*Provided data*.
§ §

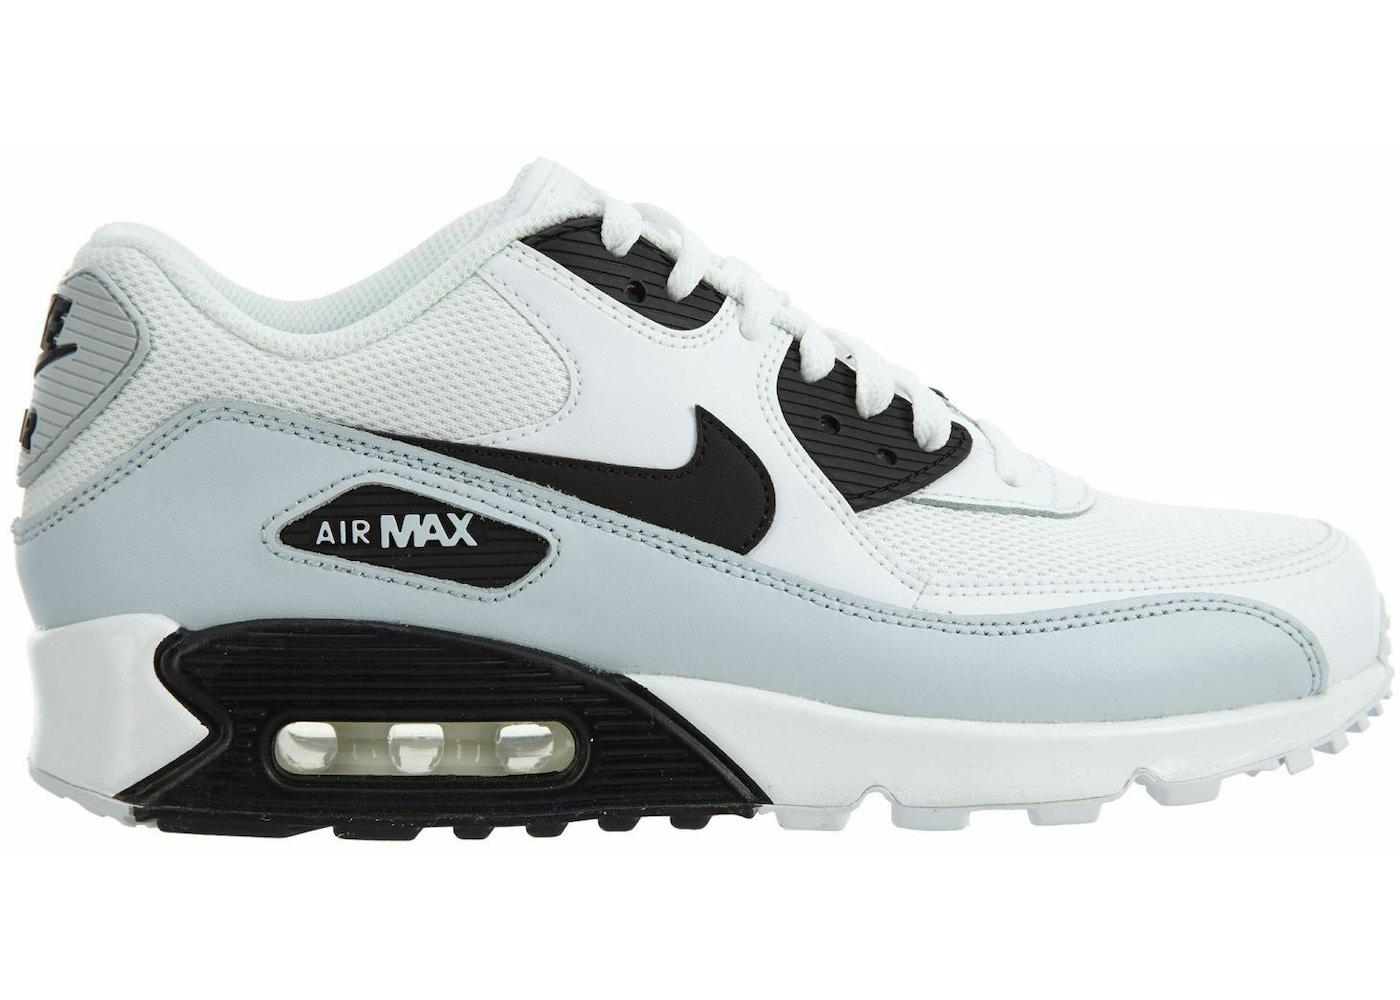 f720c658 Nike Air Max 90 Essential White/Black-Pure Platinum-White - 537384-127
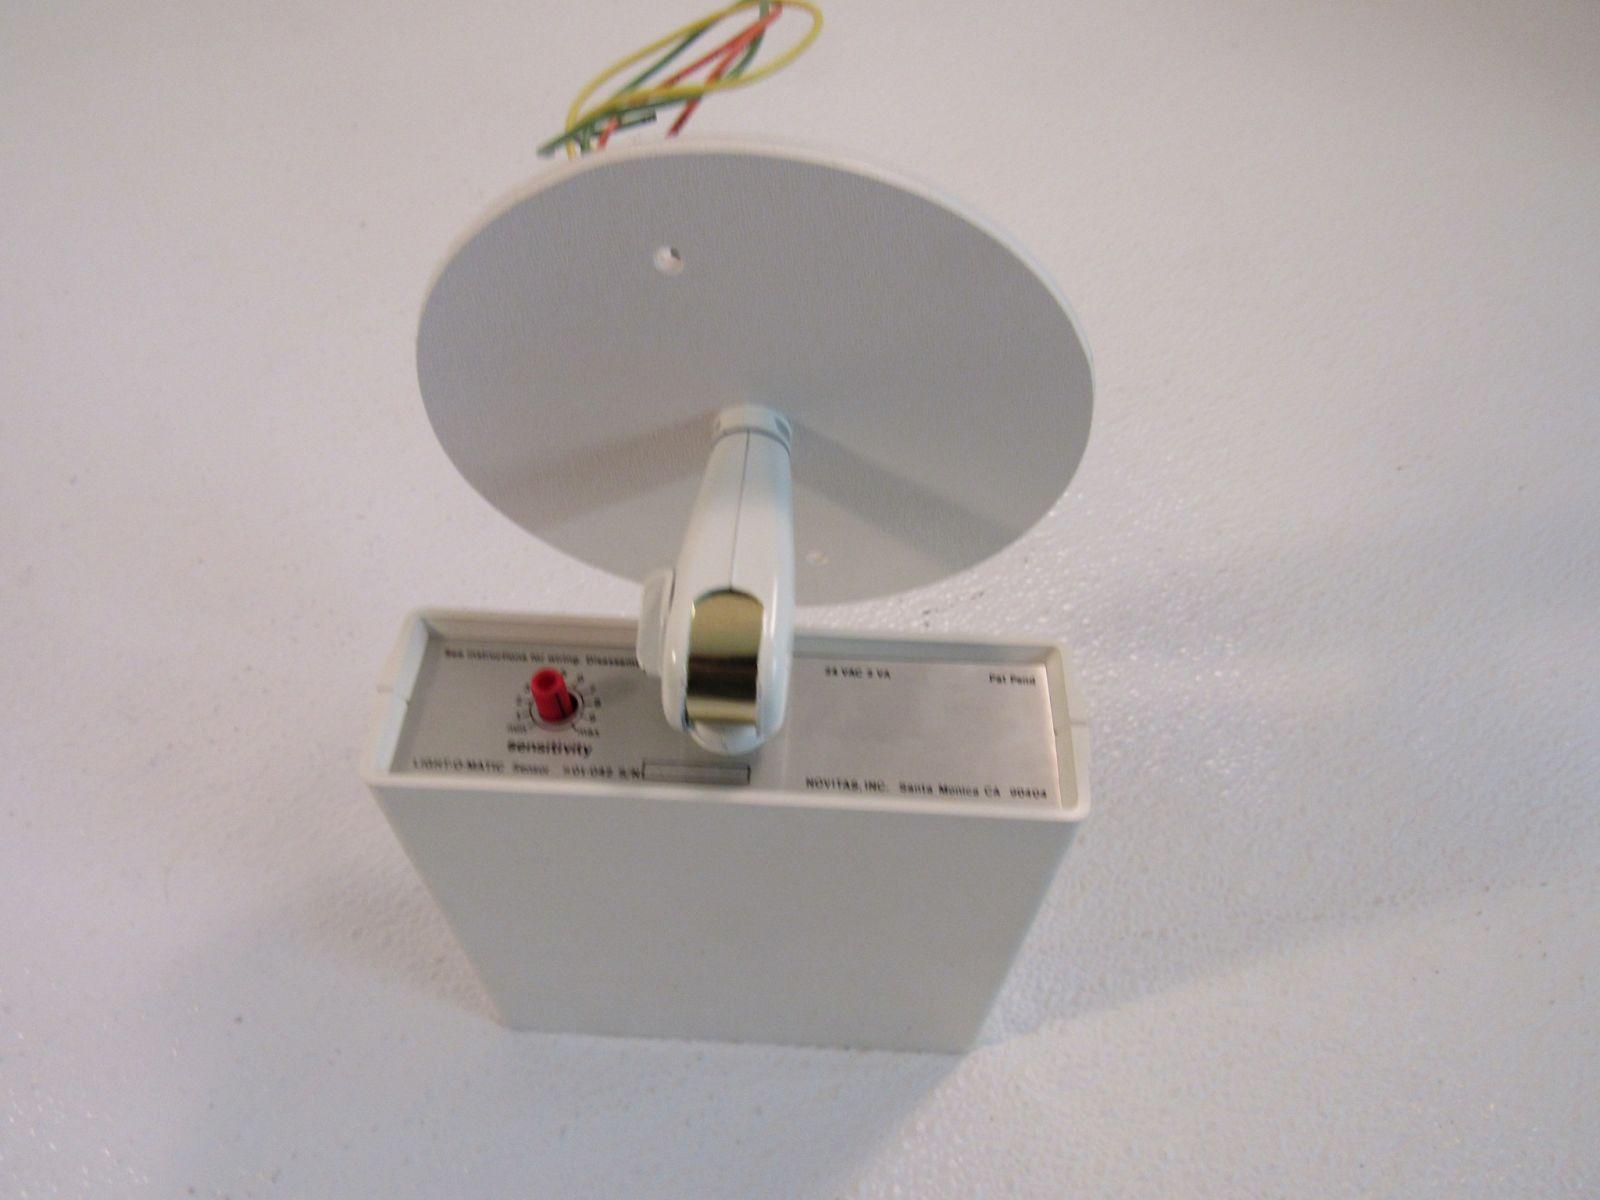 Novitas Light-O-Matic Auxiliary Sensor White 01-042
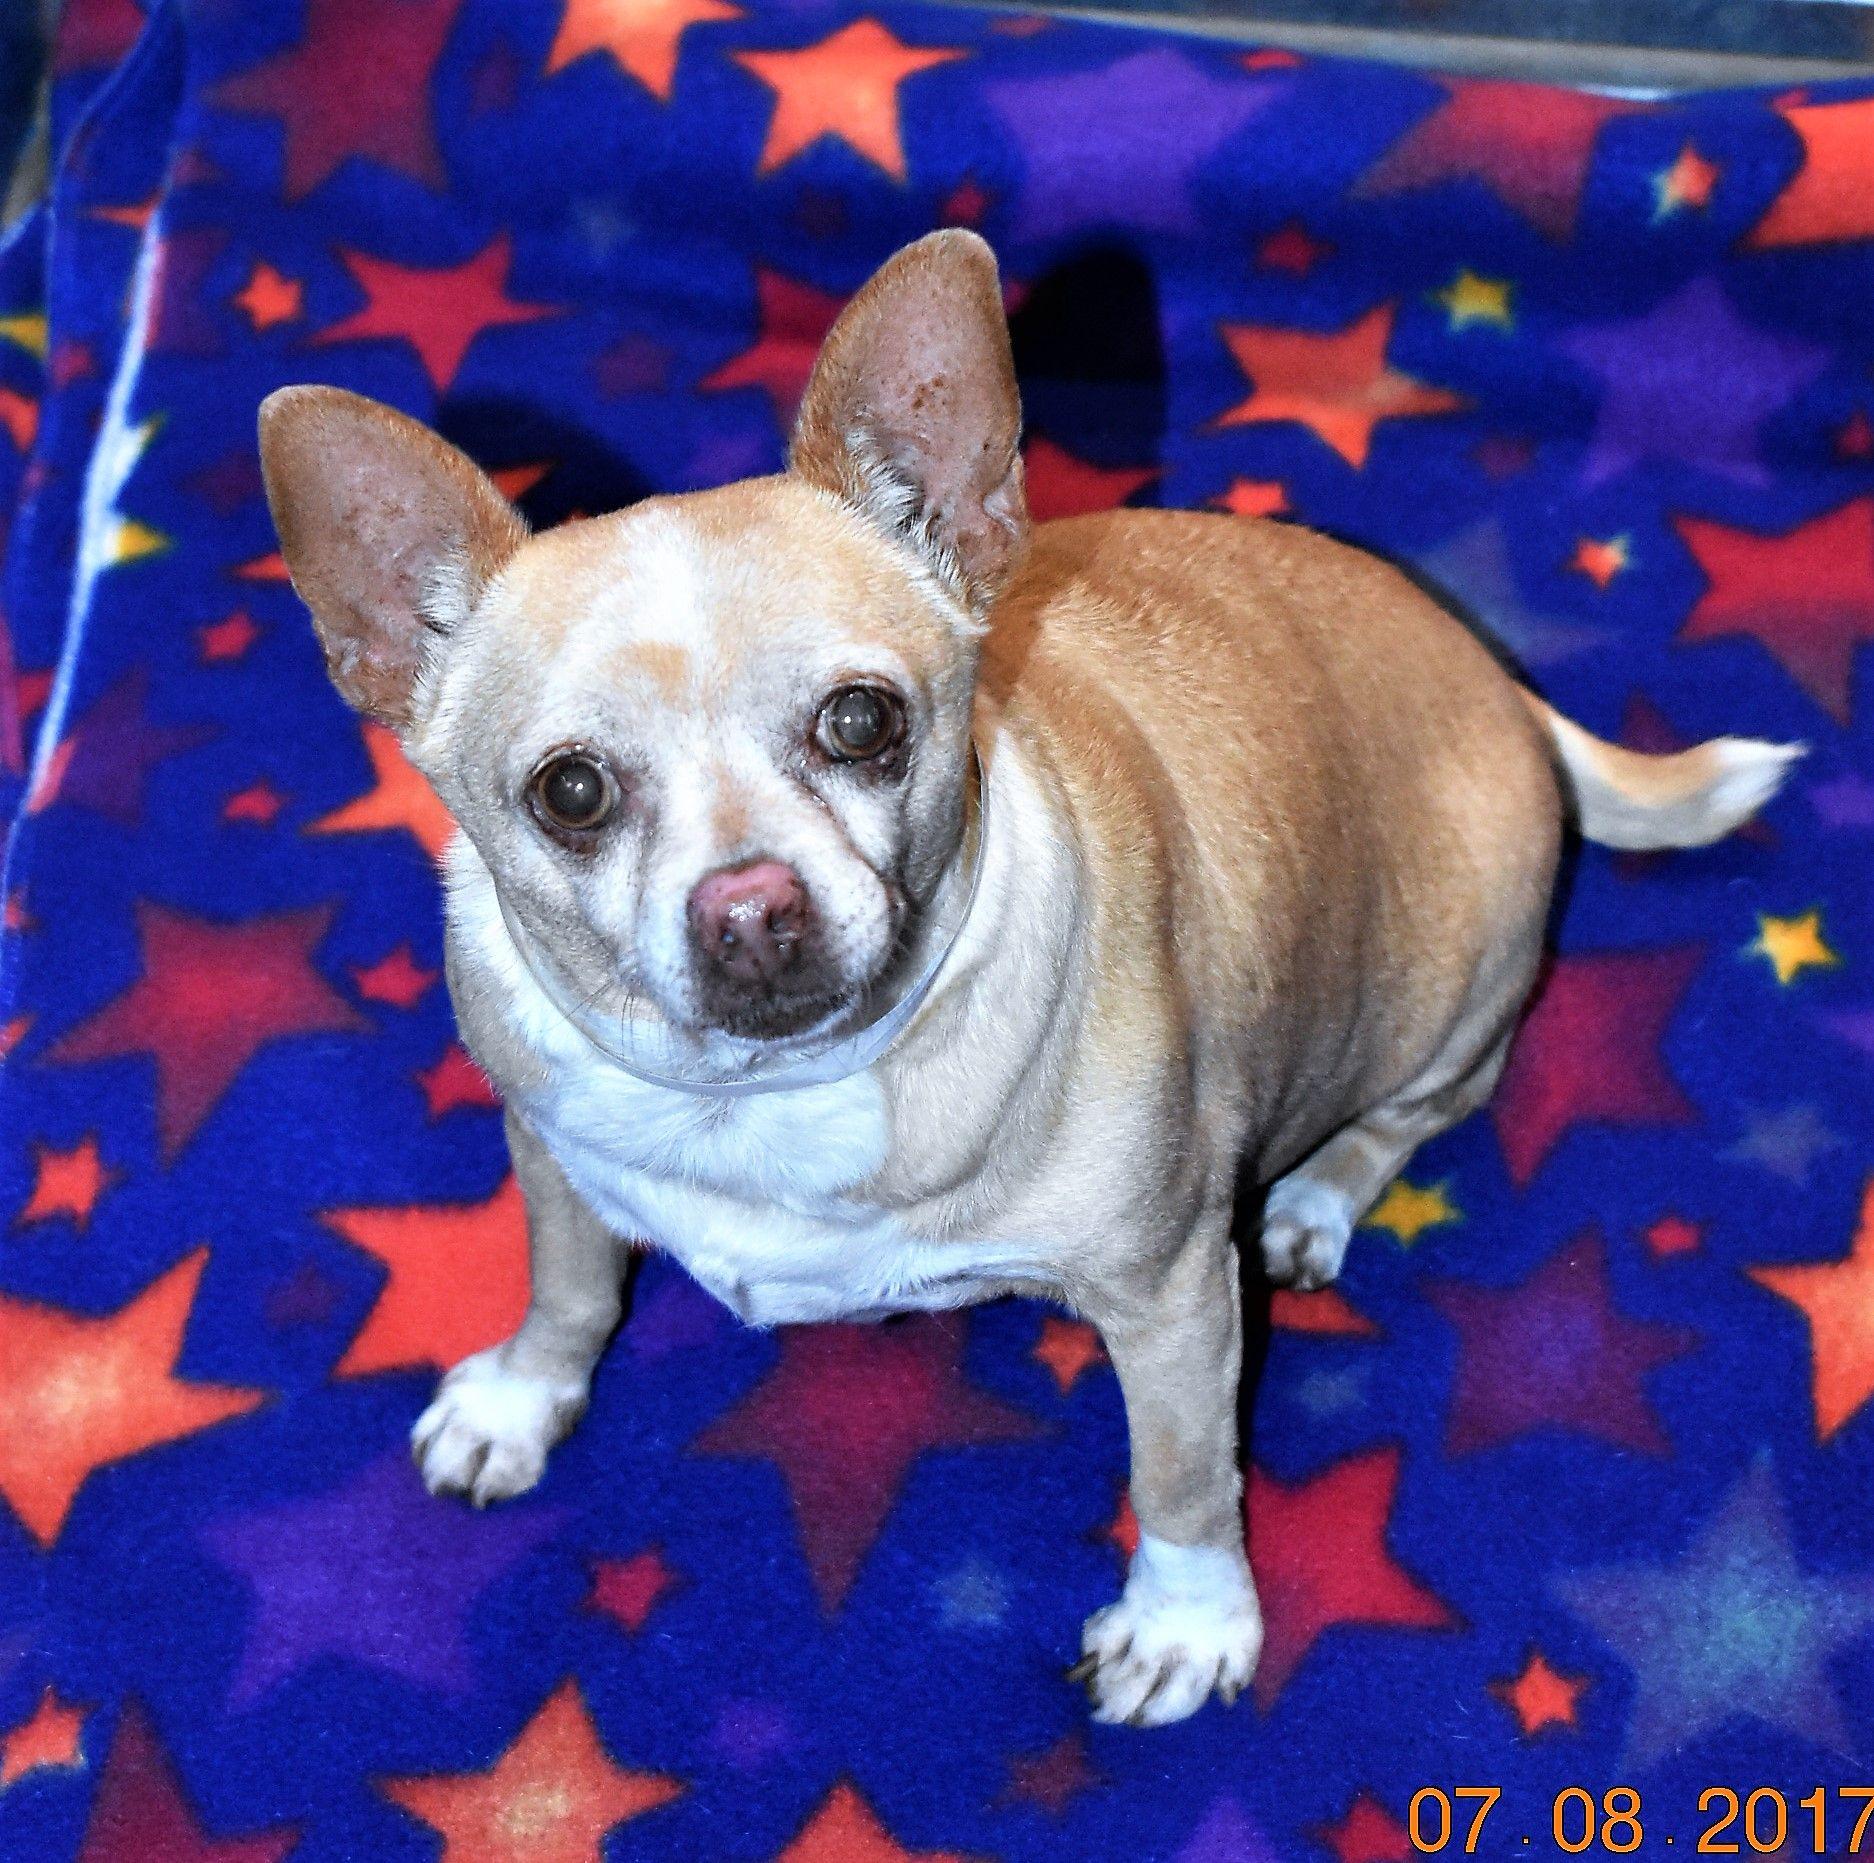 Chihuahua dog for Adoption in San Jacinto, CA. ADN591928

§ §

*Exercise description*. Pictures aside, retype the material exactly.

*Written solution*.
 f720c658 Nike Air Max 90 Essential White/Black-Pure Platinum-White - 537384-127
 Novitas Light-O-Matic Auxiliary Sensor White 01-042
 Chihuahua dog for Adoption in San Jacinto, CA. ADN591928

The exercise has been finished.